After checking this phone out for a couple of days I have to give it very high marks. This phone is ideal for those who work in a rugged or outdoor environment. Very well made and rugged. The battery cover has a gasket to keep it water tight and a screw to keep the cover in place. The charging/data port has a plug to keep it water tight as well. It does have data capabilities and can be used to access the web or can be used to tether. I have been using it to access my email. Has camera and video capabilities as well.

This phone is ideal for outdoor enthusiasts and workers. Like I said earlier, it is built to military specs so it is very tough. For those who work outside in noisy environments it has a very loud ringer and speaker. It also has noise canceling features for the microphone so people can hear you over the noise on the other end. Very nice for those who have to communicate in a noisy environment.

I still plan to get an Otterbox for mine because, as I am sure is the same for all of you, I have to get into funny positions and sometimes have to swing around which can result in some hard knocks for a phone. If I worked in another trade I would have no problem carrying the phone on it's own without the protection of the Otterbox. The Rugby II is that tough.

Anyway, I thought some of you might be interested to know being that we all work in a tough environment.


----------



## Bermie (Sep 3, 2010)

I have a basic LG phone...it lives in the cellphone pocket inside the cargo pocket of my Arborwear tech pants...perfect spot for it.
My friends and family have learned to ask if I'm 'up a tree' when I answer!


----------



## kevin bingham (Sep 3, 2010)

I try to remind myself not to answer the phone unless I have close access to pen and paper.

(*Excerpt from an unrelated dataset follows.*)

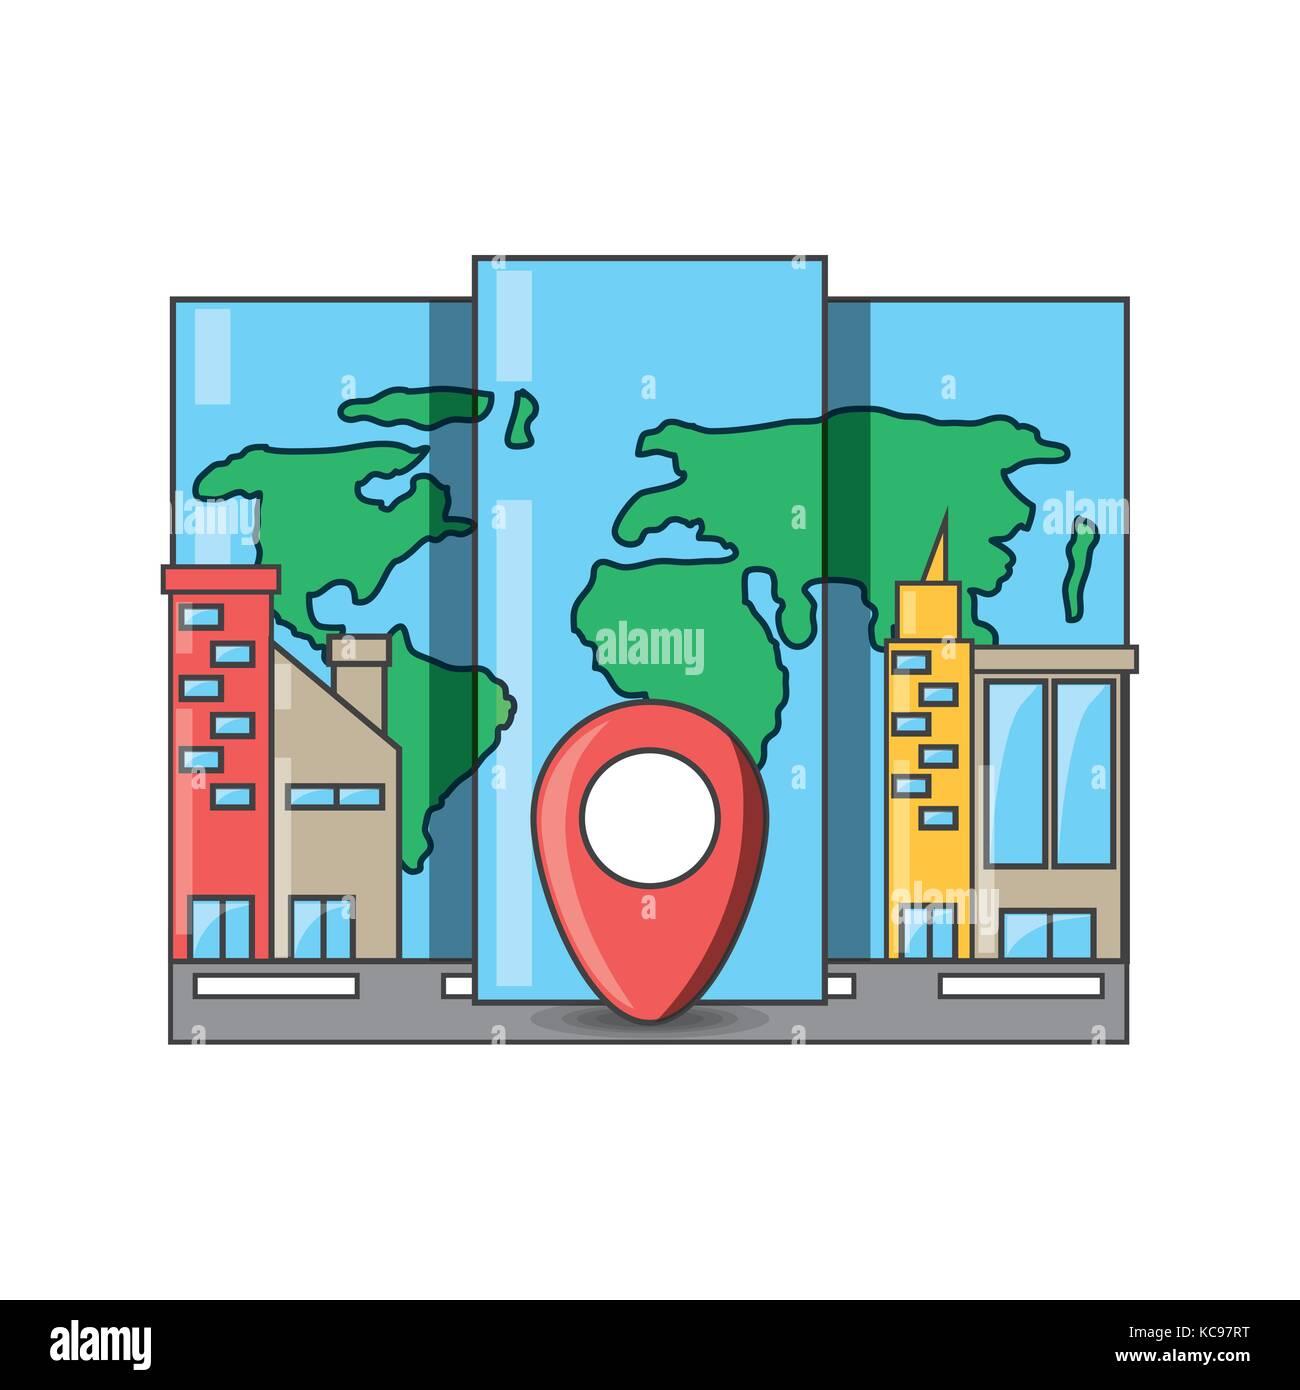 Travel and navigation design - Stock Image

If I answer the phone in the tree, I am going likely to lose a contact or generally be misinformed because I wont have written anything down that we have talked about.


----------



## tree md (Sep 3, 2010)

I really like it when they call and say:

"yes, we just saw you in our neighbors tree and got your number off the sign"... And I say "here I am in the top of the tree" and wave to them...


----------



## fishercat (Sep 3, 2010)

*Motorola Droid here.*

Tough as hell.I have even thrown it at a solid oak door in a fit of rage and it still works.That pissed me off even more so I went outside and threw it at the maple in the back yard.Damn thing still works! WTH?

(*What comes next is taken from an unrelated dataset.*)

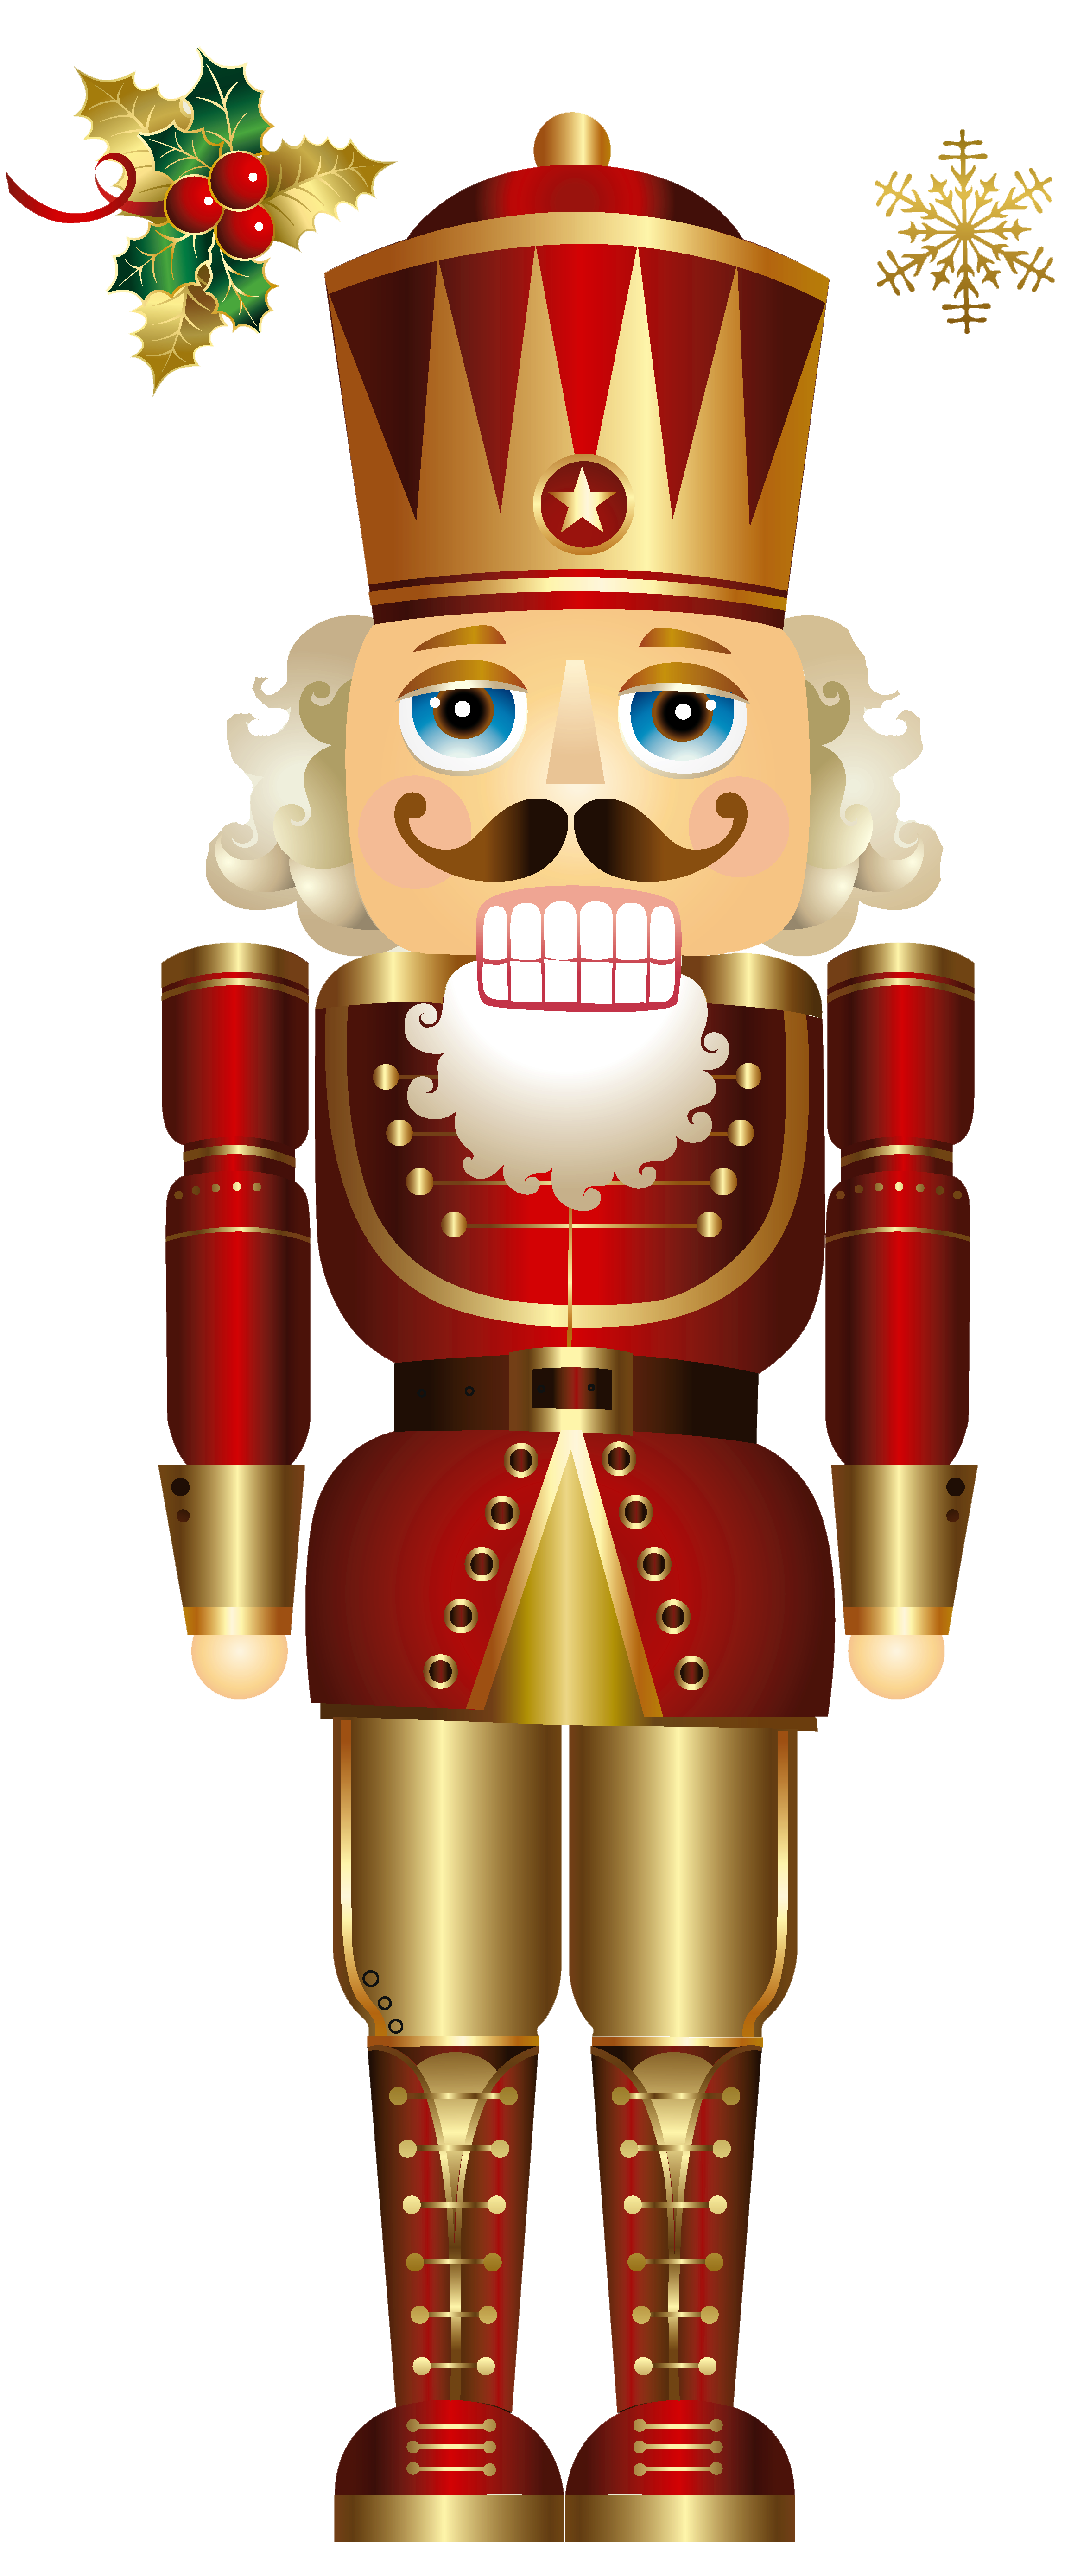 Free Christmas Nutcracker .-Free Christmas Nutcracker .-3

I'll never buy another phone with a slide out keyboard again but that is personal preference.

What amazes me is 8 years ago I was fighting with a dial up modem at home.Lucky if I got online and if I did get online,I was praying I stayed online. Now I have a cell phone that has screaming fast internet and it's reliable as hell.Amazing how technology has advanced.

I had the Casio.Tough phone if you just need a phone.Extended life battery was great as was the charging dock.Sound quality was always crap though.


----------



## Usingmyrights (Sep 4, 2010)

I have an older Razr. Its been through alot with me, at one point the screen went out for about a day when it was dropped. The rest of the phone was functional. A few of the things its been through with me is a prevented escape attempt when I went over the fence after a guy (I'm a corrections officer in a max security forensic mental health facility), I ended up with sand unded the screen with that one from fighting with the guy when we got him off the 2nd fence. Just 2 weeks ago, while restraining a guy, I ended up hitting an outside corned of a block wall hard enough that I took paint off of the wall. I had paint stripes from just above and to the right of my knee to the front of my hip (phone was in my pocket on the same side). Also ended up with a striped bruise from the front of my hip up to the backside of my armpit. So I've been impressed with it. Unfortunately the phone is also 4-5years old and being that old it doesn't pick me the signals from the newer towers and my reception has gone to crap.


----------



## jefflovstrom (Sep 4, 2010)

I got a Blackberry Storm. I like the big screen and touch for my fat fingers.
Jeff


----------



## BlueRidgeMark (Sep 4, 2010)

beowulf343 said:


> Haven't carried a phone in a tree since the time it rang/vibrated and caused me to about fall out of the tree thinking i was getting tingled from a power line.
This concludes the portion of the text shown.